A fascinating article at the New York Times looks at a new theory of pregnancy as a basic conflict between organisms, an idea advocated by Dr. David Haig, an evolutionary biologist at Harvard.
Here’s a teaser:
Dr. Haig proposed that pre-eclampsia was just an extreme form of a strategy used by all fetuses. The fetuses somehow raised the blood pressure of their mothers so as to drive more blood into the relatively low-pressure placenta. Dr. Haig suggested that pre-eclampsia would be associated with some substance that fetuses injected into their mothers’ bloodstreams. Pre-eclampsia happened when fetuses injected too much of the stuff, perhaps if they were having trouble getting enough nourishment.

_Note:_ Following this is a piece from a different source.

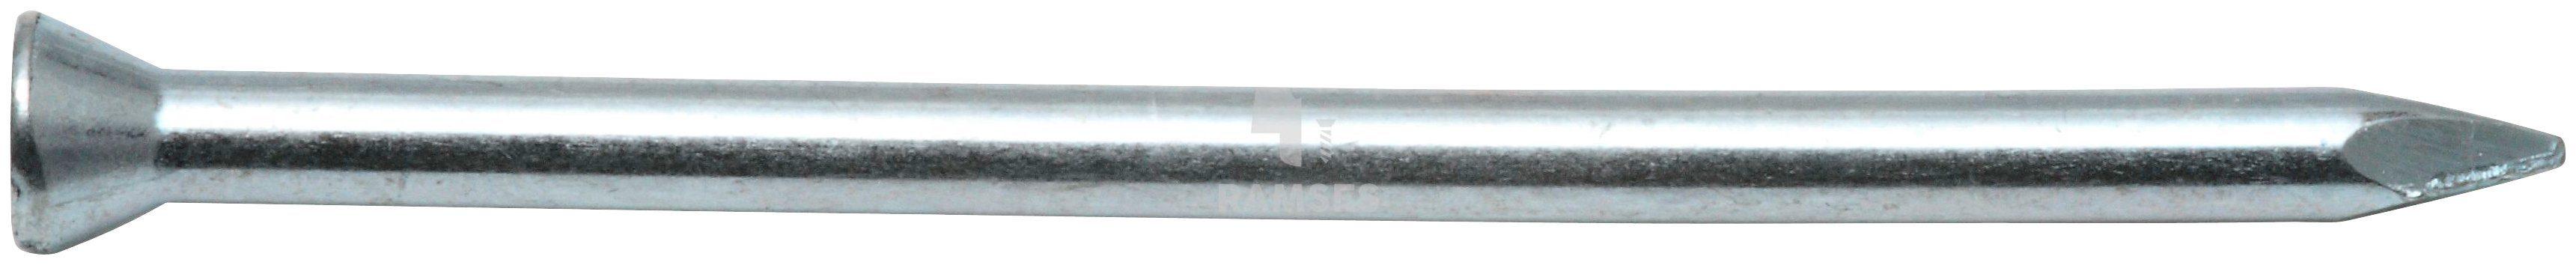 RAMSES Nagel , 3,5 x 65 mm Stahl verzinkt, 250 Stk.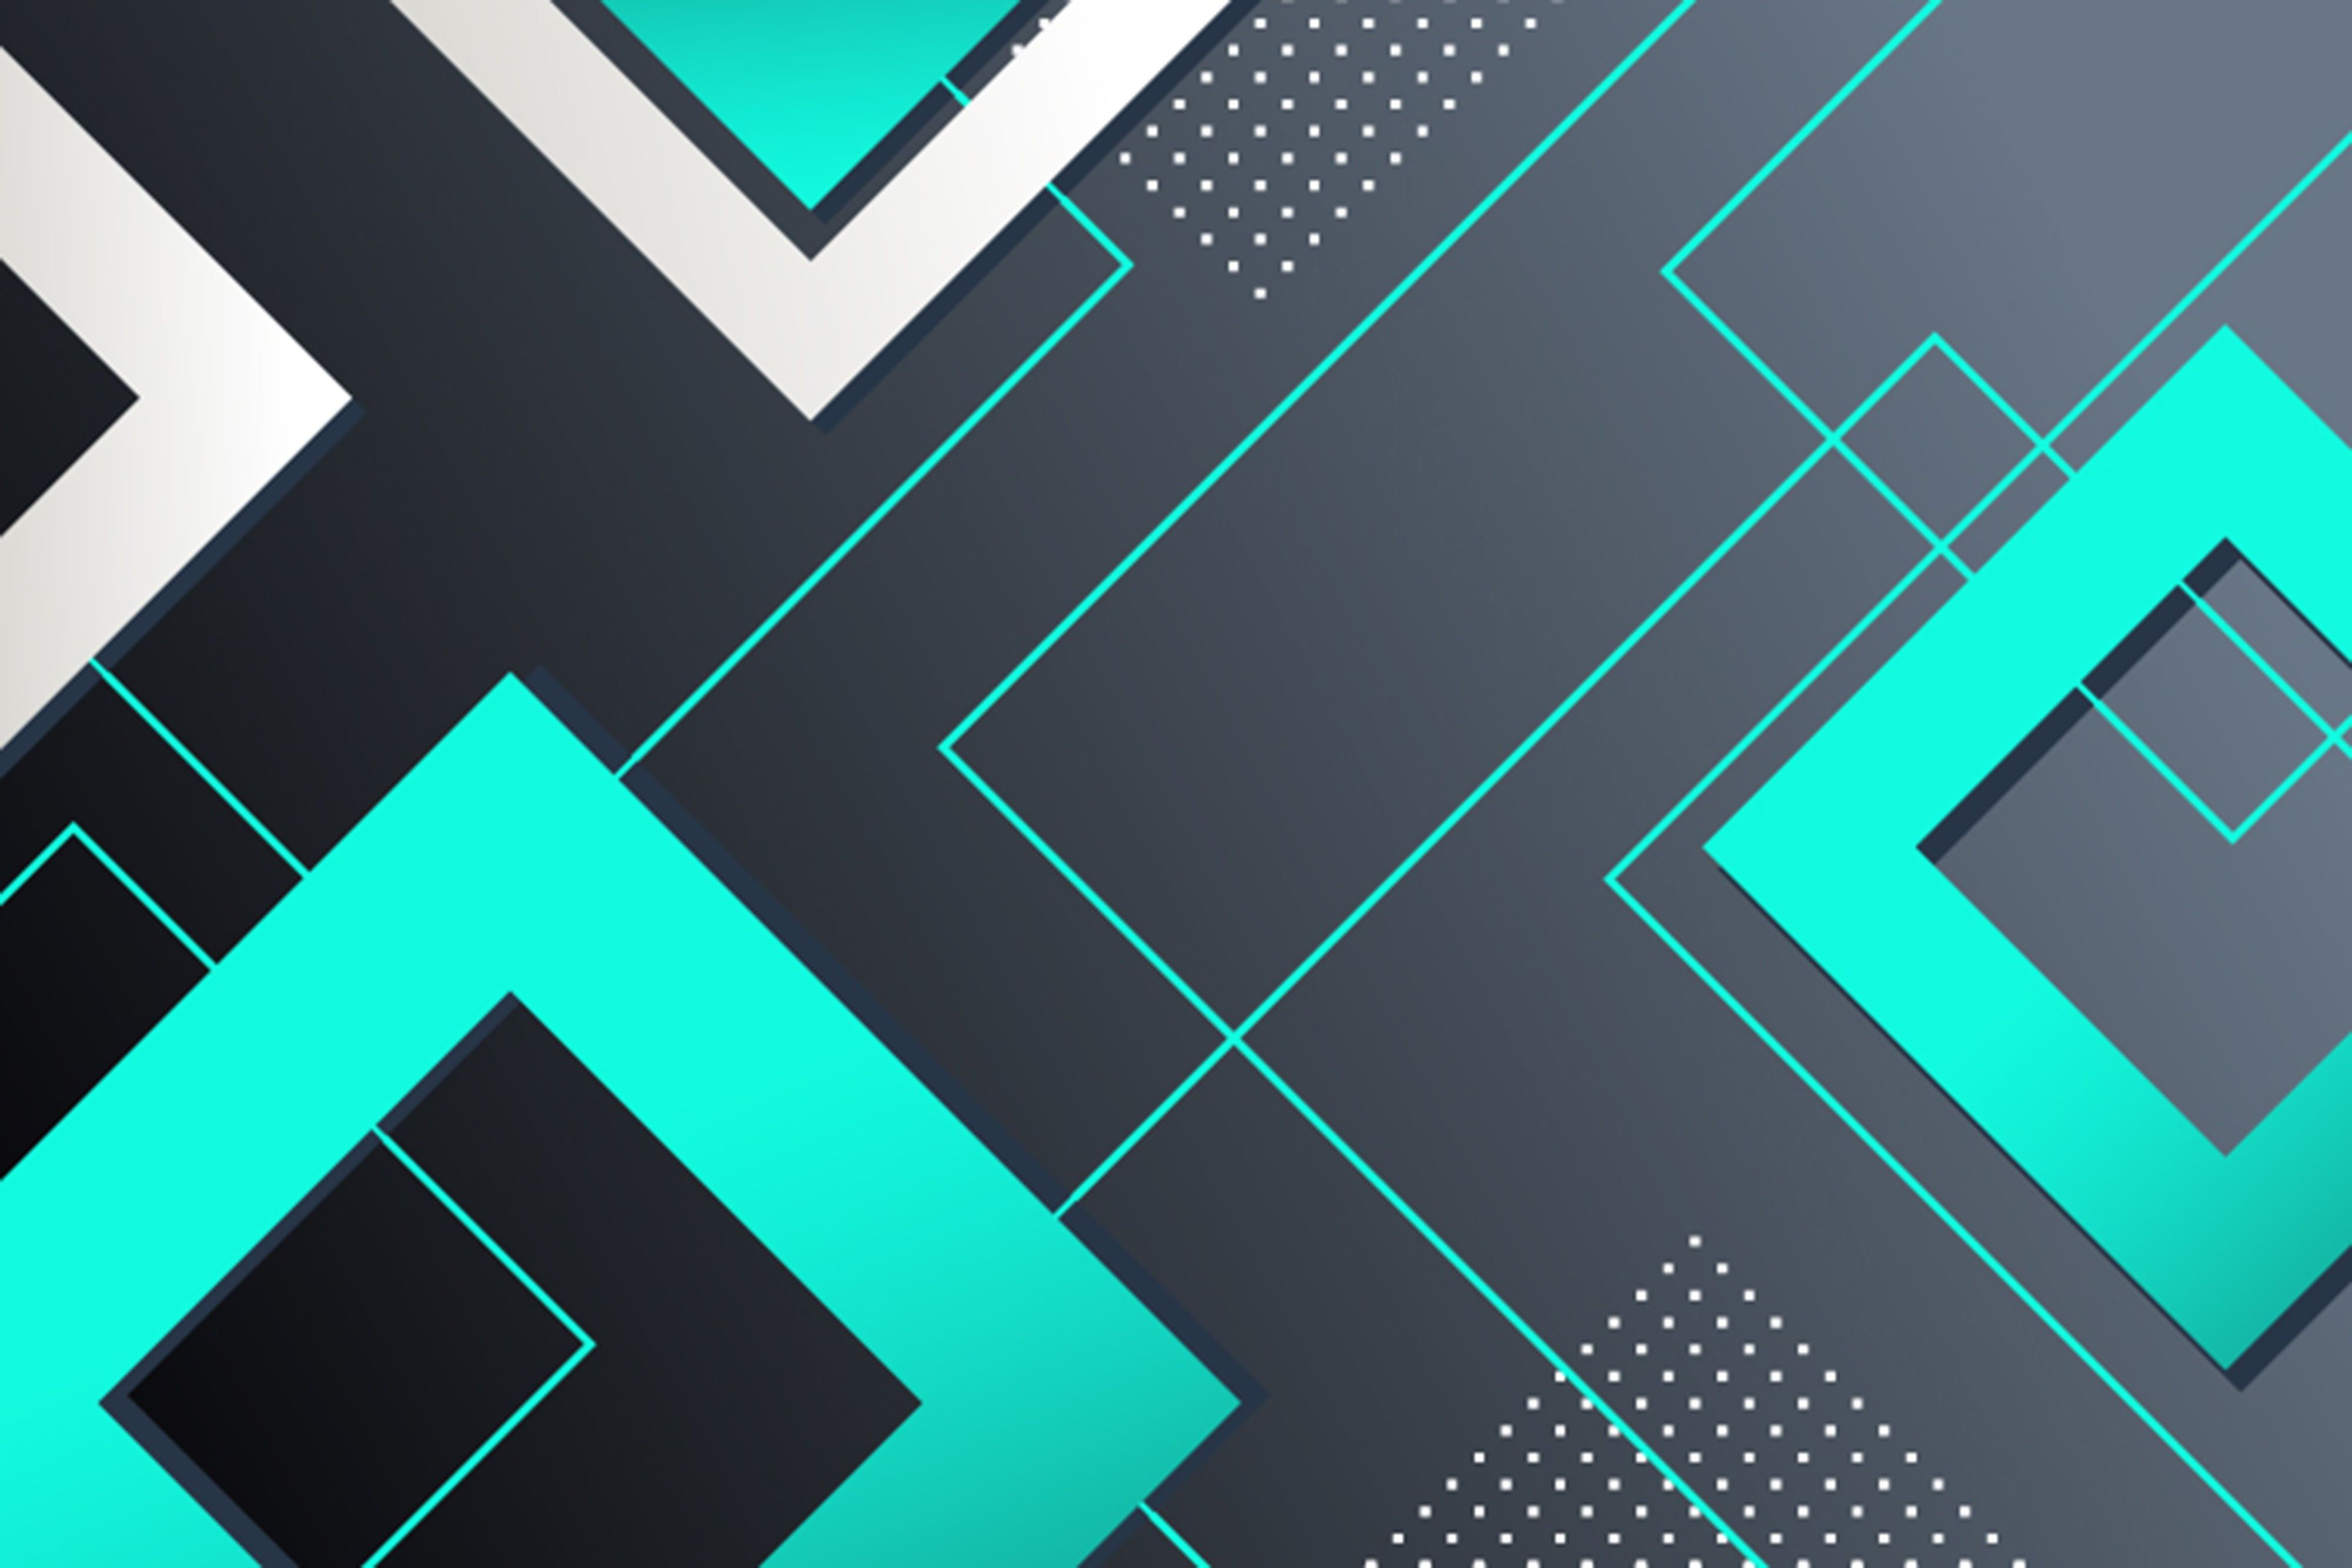 Line Background Abstract Background Geometric 4k Wallpaper Hdwallpaper Desktop In 2021 Hd Wallpaper Red And Black Wallpaper Black And Blue Wallpaper Geometric desktop wallpaper 4k

In the past few years, Ananth Karumanchi of Harvard Medical School and his colleagues have gathered evidence that suggests Dr. Haig was right. They have found that women with pre-eclampsia had unusually high levels of a protein called soluble fms-like tyrosine kinase 1, or sFlt1 for short.
Other labs have replicated their results. Dr. Karumanchi’s group has done additional work that indicates that this protein interferes with the mother’s ability to repair minor damage to her blood vessels. As that damage builds up, so does her blood pressure. And as Dr. Haig predicted, the protein is produced by the fetus, not the mother.